Pain and Heartbreak
Pain is cold, especially in these frames tonight
Numb and frozen my soul is crawling
My heart afflicted by a ruthless plight
My castles in the sky are slowly falling
The hole is hollow, where love once slept
Awakened to a lovely oblivion
And passion’s ploy an elixir kept,
For only those I deemed ethereal.
You had those eyes of famished appetite,
Starving for love I thought I could bring
In a time where it was not, my heart was smite,
Smitten by the stresses of heart plucked strings
Where nothing and everything felt right,
And skin-bound your scornful lips agreed
You made me your addiction overnight,
And I chose to let you consume me.
This love became a hurtful blaze,
As liquid fire you scorched my every day.
Unto your chalice I sipped for days
My core sated from your insidious buffet.
If not first pleasure, the heart requests
Then shelter from the cracks of pain
The ones exacted from the chest
To the falsehood of love drenched in vain.

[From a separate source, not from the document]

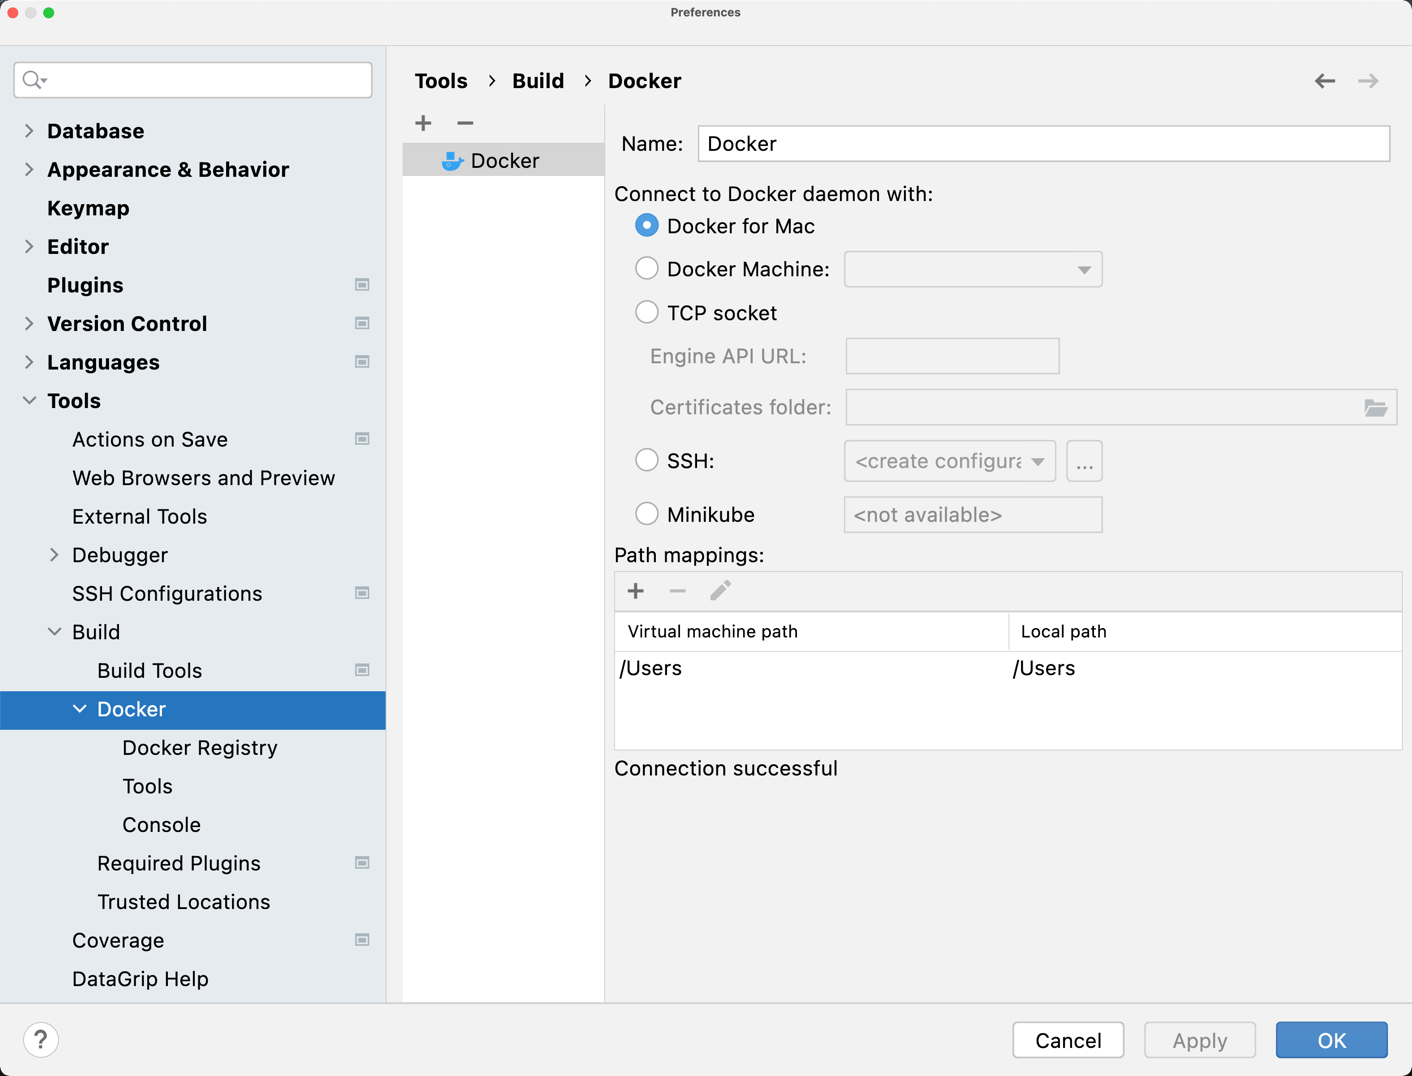 The Docker connection settings
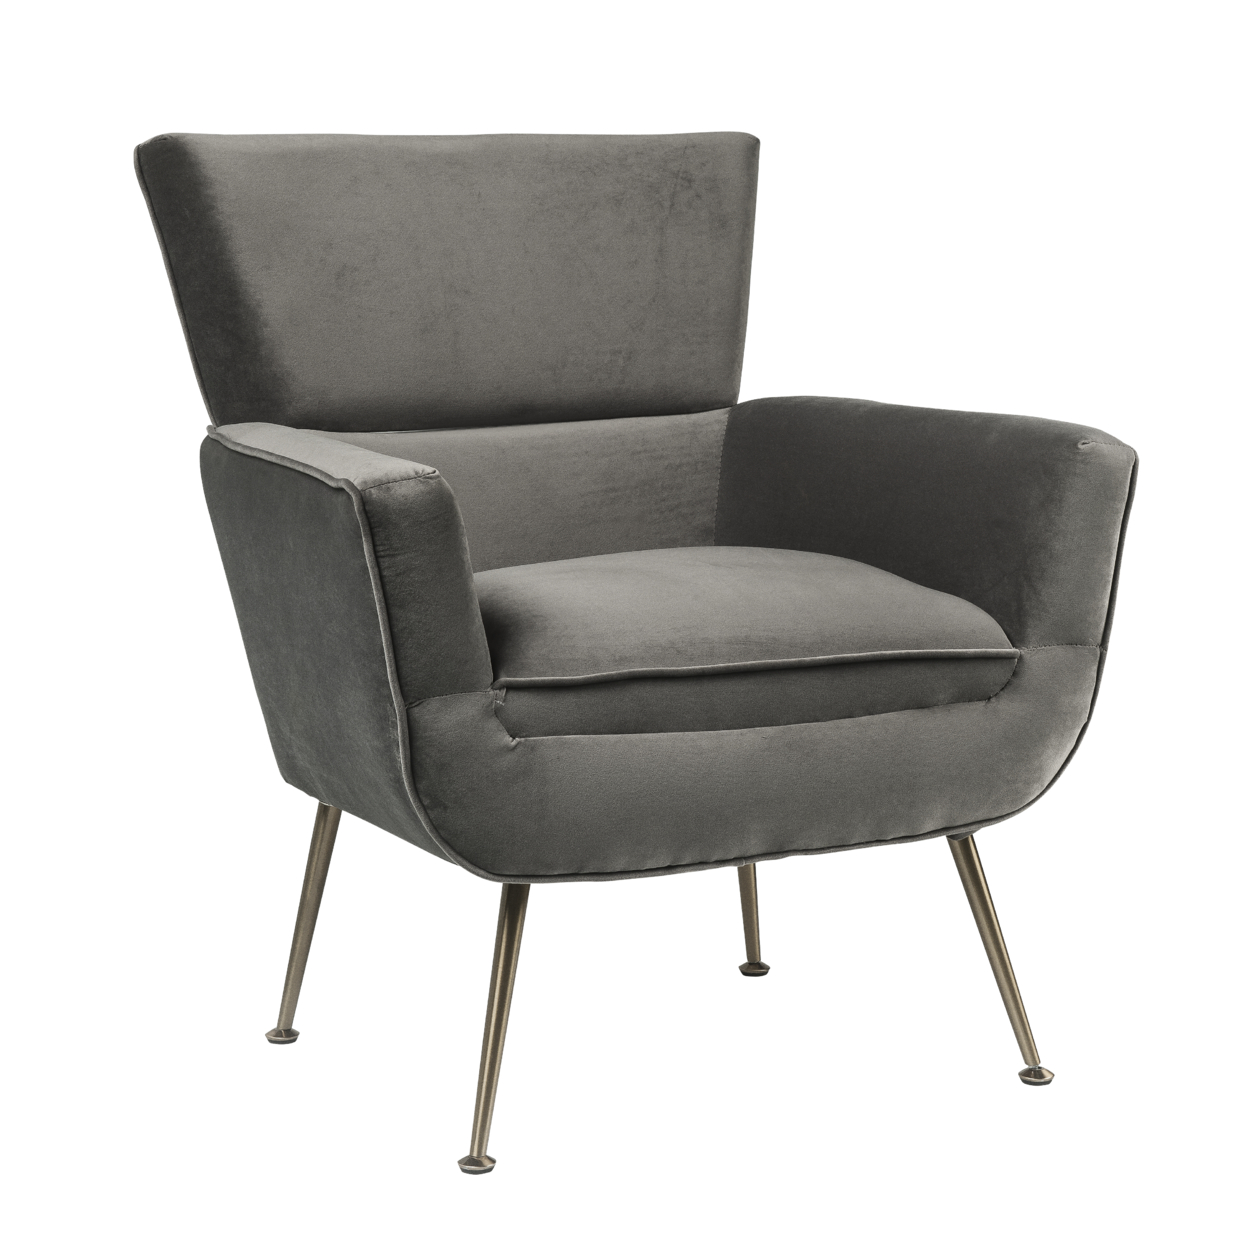 Fabric Upholstered Accent Chair With Angled Legs And Flared Armrests, Gray- Saltoro Sherpi

“Emily” was right, and pain is a blank,
an all consuming universe so familiar,
reinforced only by our failure to think,
to not be consumed by it, or bewildered.
Like a human being’s grip on reality
How we are abandoned in the grips of pain
It is though we cannot recall the enquiry
Of when the pain supplanted our brains
Though it attacks like a visceral beast
In moments when the heart is weak
It eventually subsides and is deceased
And like a new universe its origins bleak
But nothing is beautiful about heartbreak
No fucking poetry can express the hurt
There’s no sulking in the middle of silence
No tears arranged there of any worth
It’s not that 7:30 commute to work,
Where every face reminds you of pain
But where every single breath feels like death
Yet you keep breathing to embrace the strain
It’s like the fibers of your very being
Are piecemealed by the affinity for pain.
But such resistance finds itself agreeing
That love and all its faults are daisy-chained,
Sequenced into the theorem for exploring pain
Where there is love, there is heartbreak
Just a simple reflection of the mirror’s pane.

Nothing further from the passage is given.